▶ _What you will do_
Give an exact copy of the data that follows, but none of its pictures.

▶ _Data block_
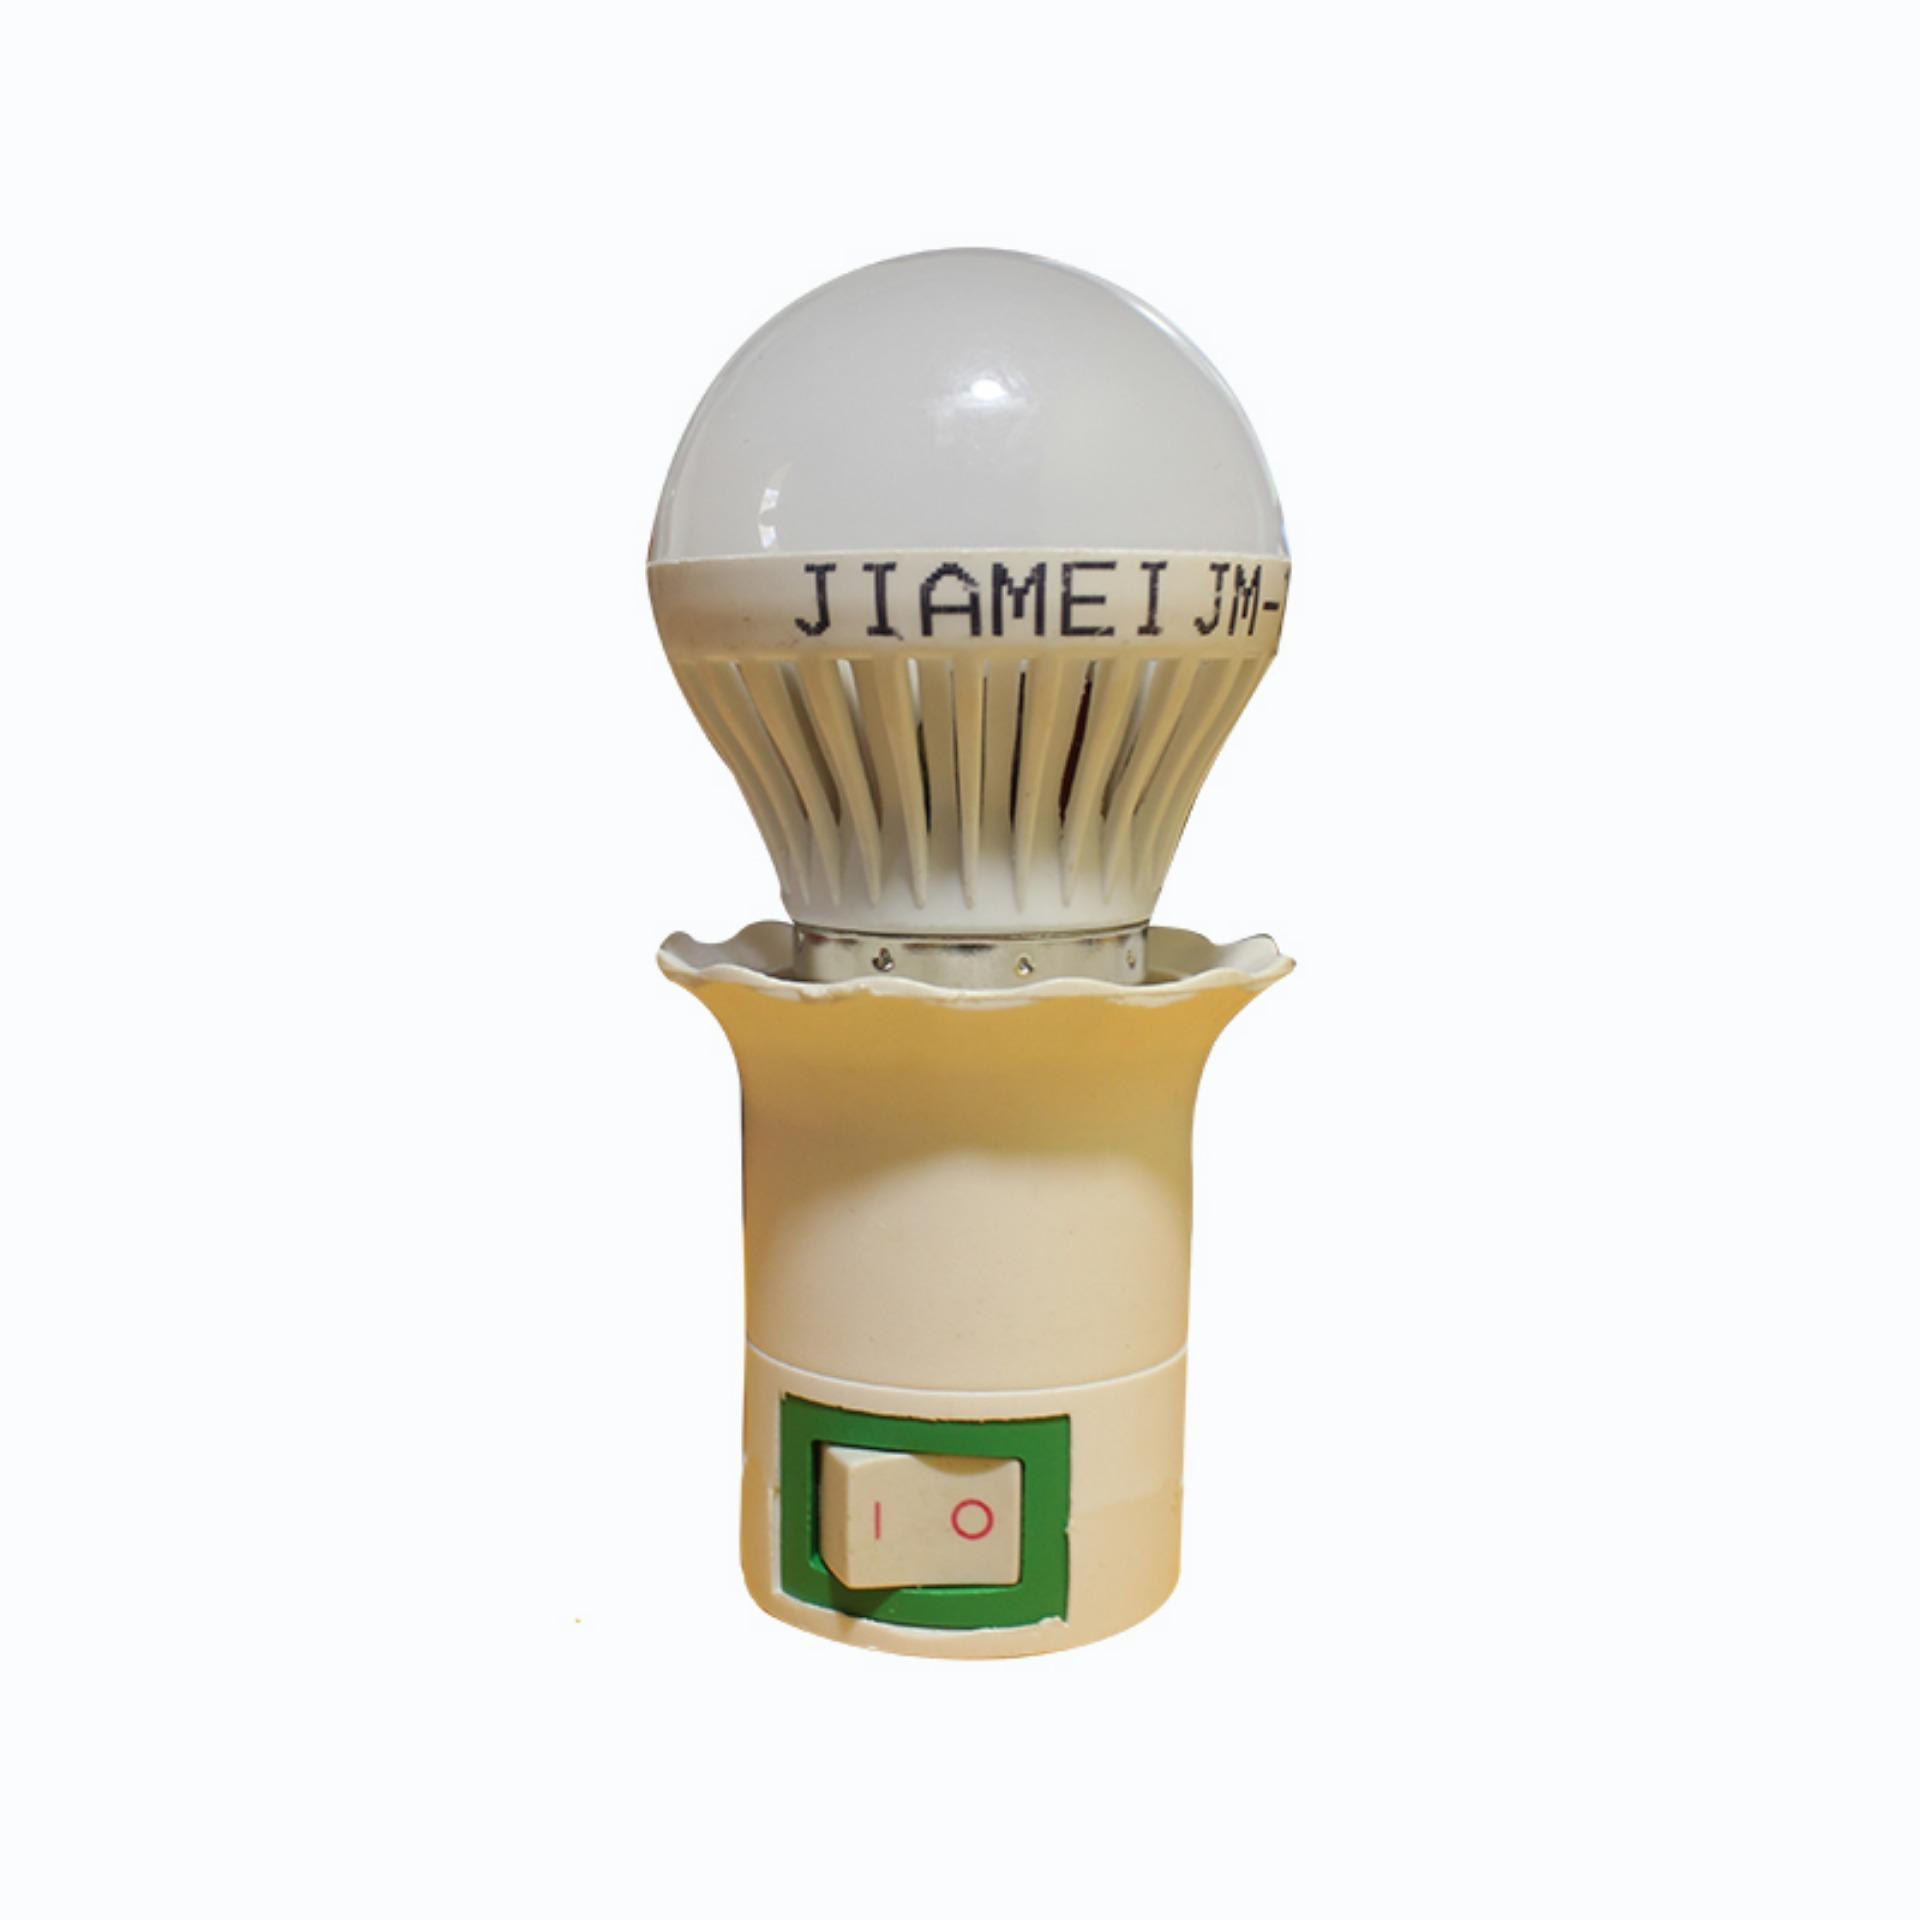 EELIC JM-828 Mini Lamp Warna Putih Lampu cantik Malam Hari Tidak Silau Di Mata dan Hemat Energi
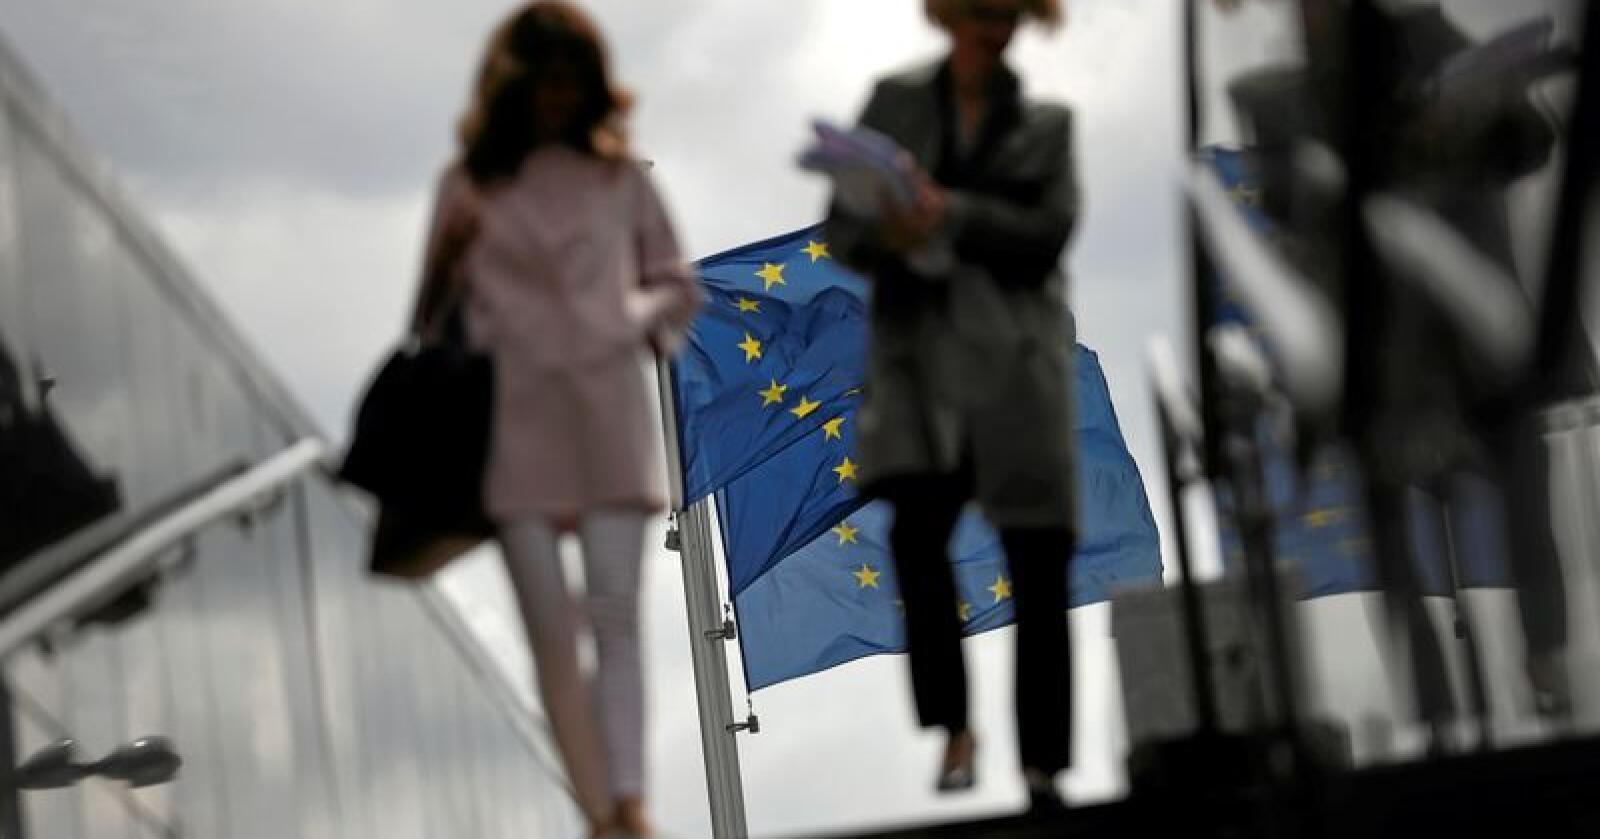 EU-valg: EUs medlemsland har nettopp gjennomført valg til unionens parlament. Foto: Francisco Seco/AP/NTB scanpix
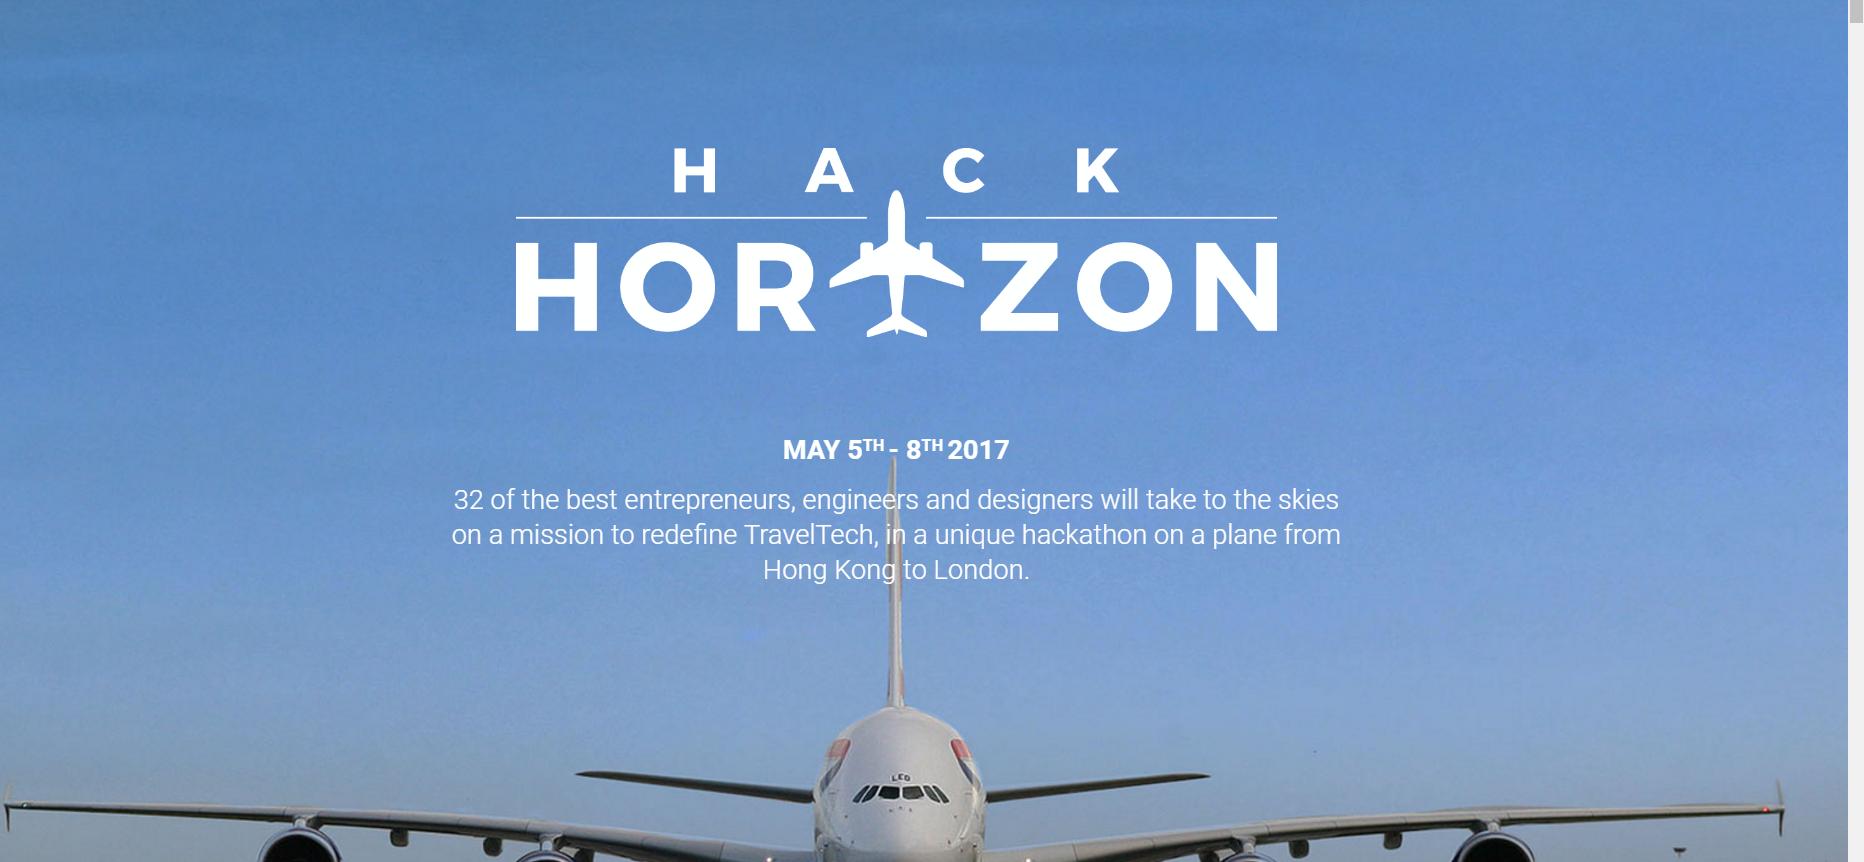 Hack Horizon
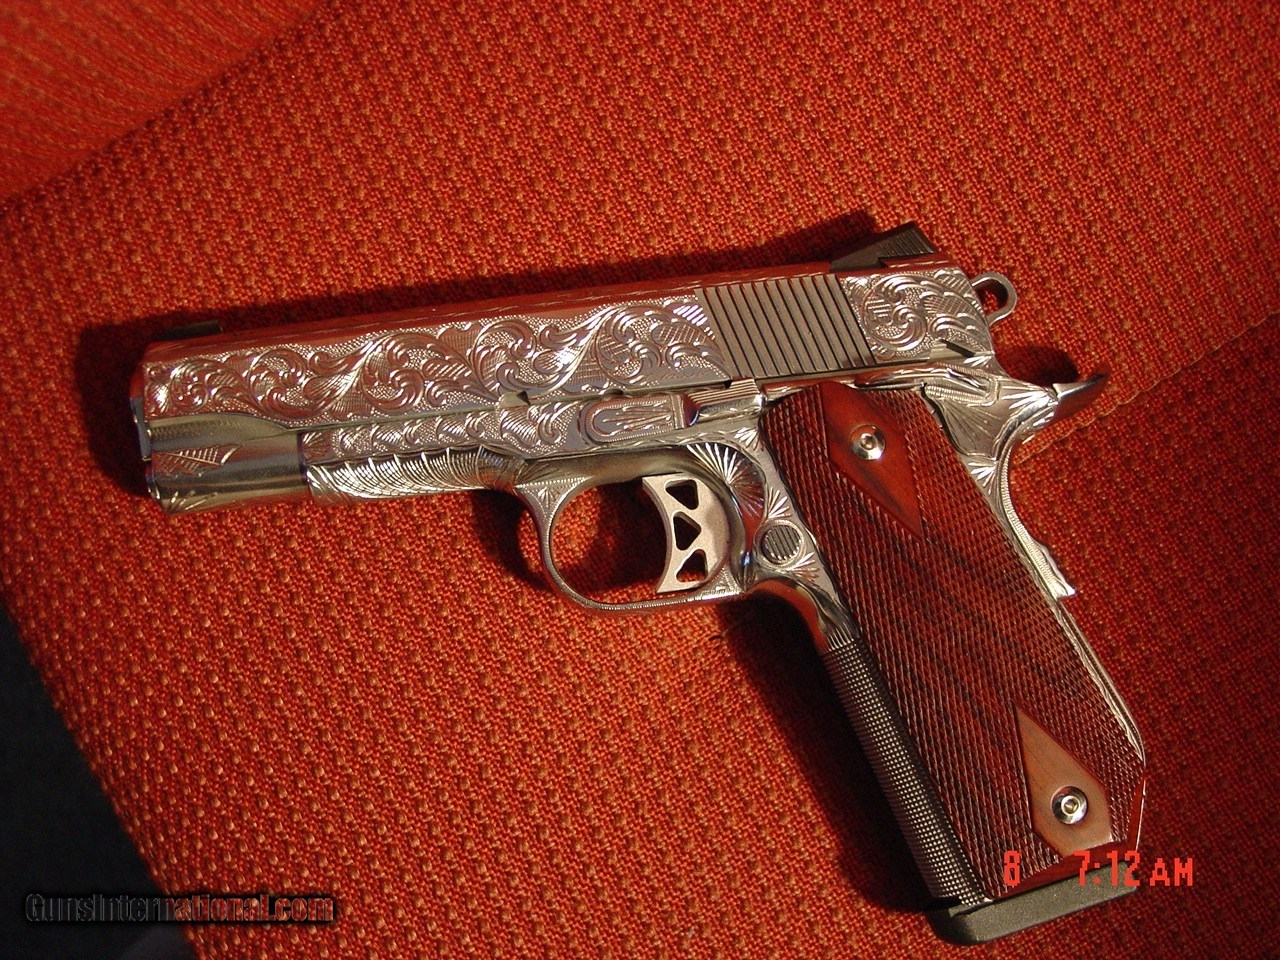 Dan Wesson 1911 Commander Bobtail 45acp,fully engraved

▶ _Answer space_
 EELIC JM-828 Mini Lamp Warna Putih Lampu cantik Malam Hari Tidak Silau Di Mata dan Hemat Energi
 EU-valg: EUs medlemsland har nettopp gjennomført valg til unionens parlament. Foto: Francisco Seco/AP/NTB scanpix
 Hack Horizon
 Dan Wesson 1911 Commander Bobtail 45acp,fully engraved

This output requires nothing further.